Re: [HACKERS] multiline CSV fields

2004-11-28 Thread Tom Lane
Bruce Momjian [EMAIL PROTECTED] writes:
 OK, what solutions do we have for this?  Not being able to load dumped
 data is a serious bug.

Which we do not have, because pg_dump doesn't use CSV.  I do not think
this is a must-fix, especially not if the proposed fix introduces
inconsistencies elsewhere.

regards, tom lane

---(end of broadcast)---
TIP 1: subscribe and unsubscribe commands go to [EMAIL PROTECTED]

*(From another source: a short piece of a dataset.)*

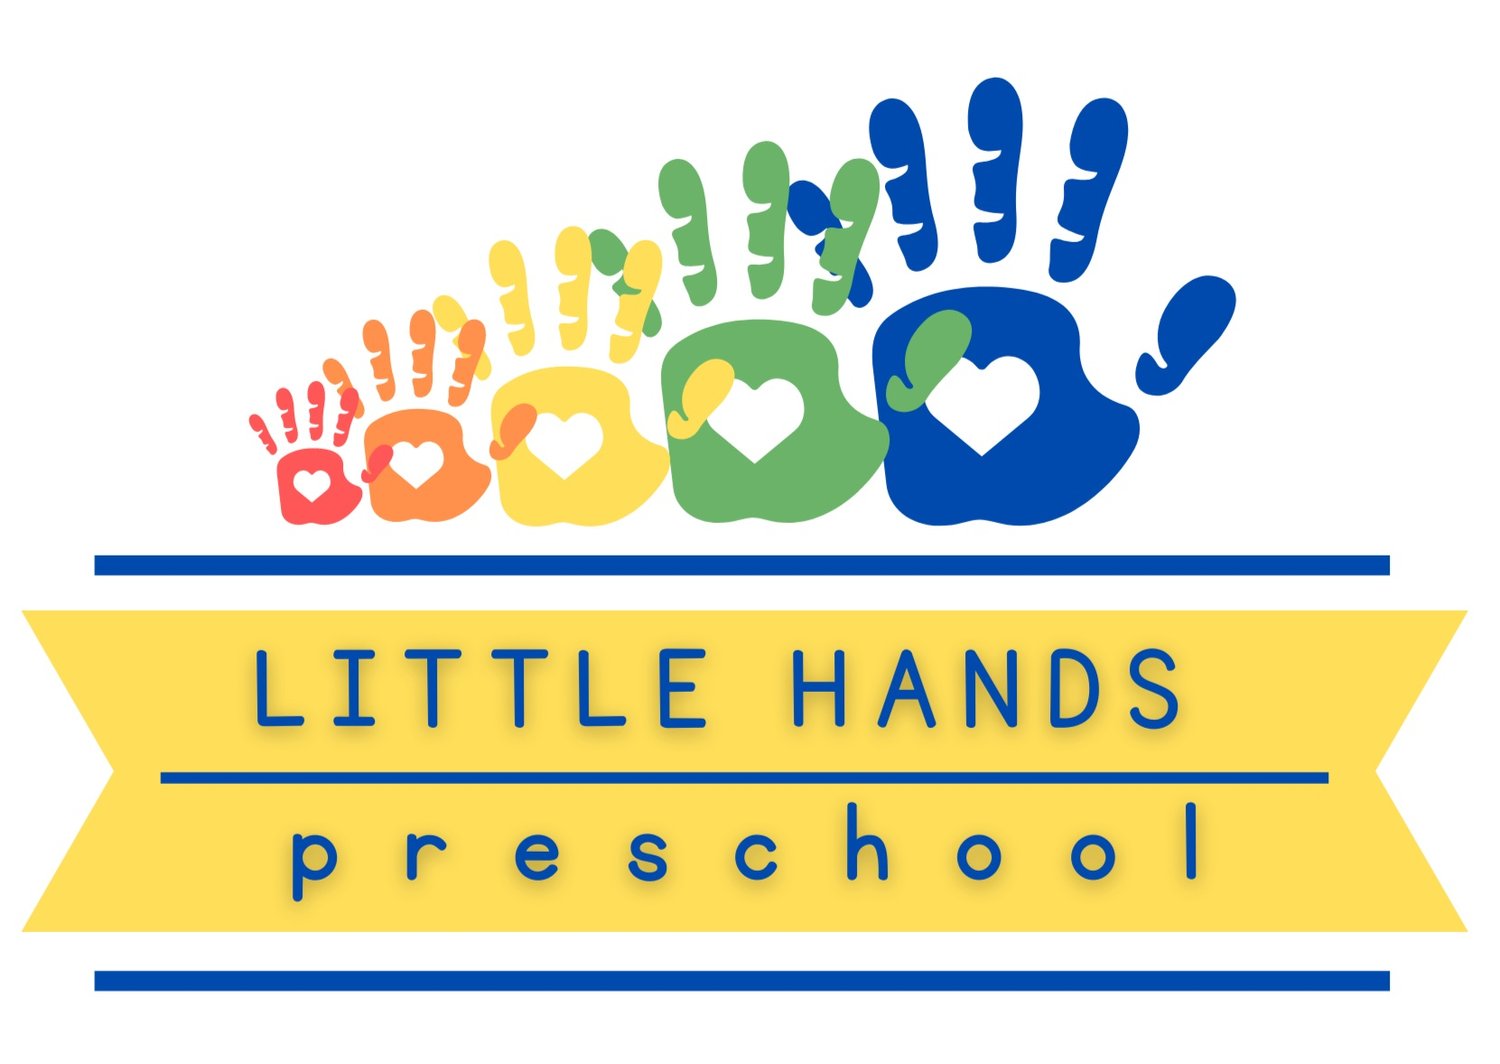 LITTLE HANDS PRESCHOOL

Re: [HACKERS] multiline CSV fields

2004-11-28 Thread Bruce Momjian
Tom Lane wrote:
 Bruce Momjian [EMAIL PROTECTED] writes:
  OK, what solutions do we have for this?  Not being able to load dumped
  data is a serious bug.
 
 Which we do not have, because pg_dump doesn't use CSV.  I do not think
 this is a must-fix, especially not if the proposed fix introduces
 inconsistencies elsewhere.

Sure, pg_dump doesn't use it but COPY should be able to load anything it
output.

Can this be fixed if we ignore the problem with reporting errors?

-- 
  Bruce Momjian|  http://candle.pha.pa.us
  [EMAIL PROTECTED]   |  (610) 359-1001
  +  If your life is a hard drive, |  13 Roberts Road
  +  Christ can be your backup.|  Newtown Square, Pennsylvania 19073

---(end of broadcast)---
TIP 7: don't forget to increase your free space map settings


Re: [HACKERS] multiline CSV fields

2004-11-28 Thread Andrew Dunstan
Bruce Momjian said:
 Tom Lane wrote:
 Bruce Momjian [EMAIL PROTECTED] writes:
  OK, what solutions do we have for this?  Not being able to load
  dumped data is a serious bug.

 Which we do not have, because pg_dump doesn't use CSV.  I do not think
 this is a must-fix, especially not if the proposed fix introduces
 inconsistencies elsewhere.

 Sure, pg_dump doesn't use it but COPY should be able to load anything
 it output.

 Can this be fixed if we ignore the problem with reporting errors?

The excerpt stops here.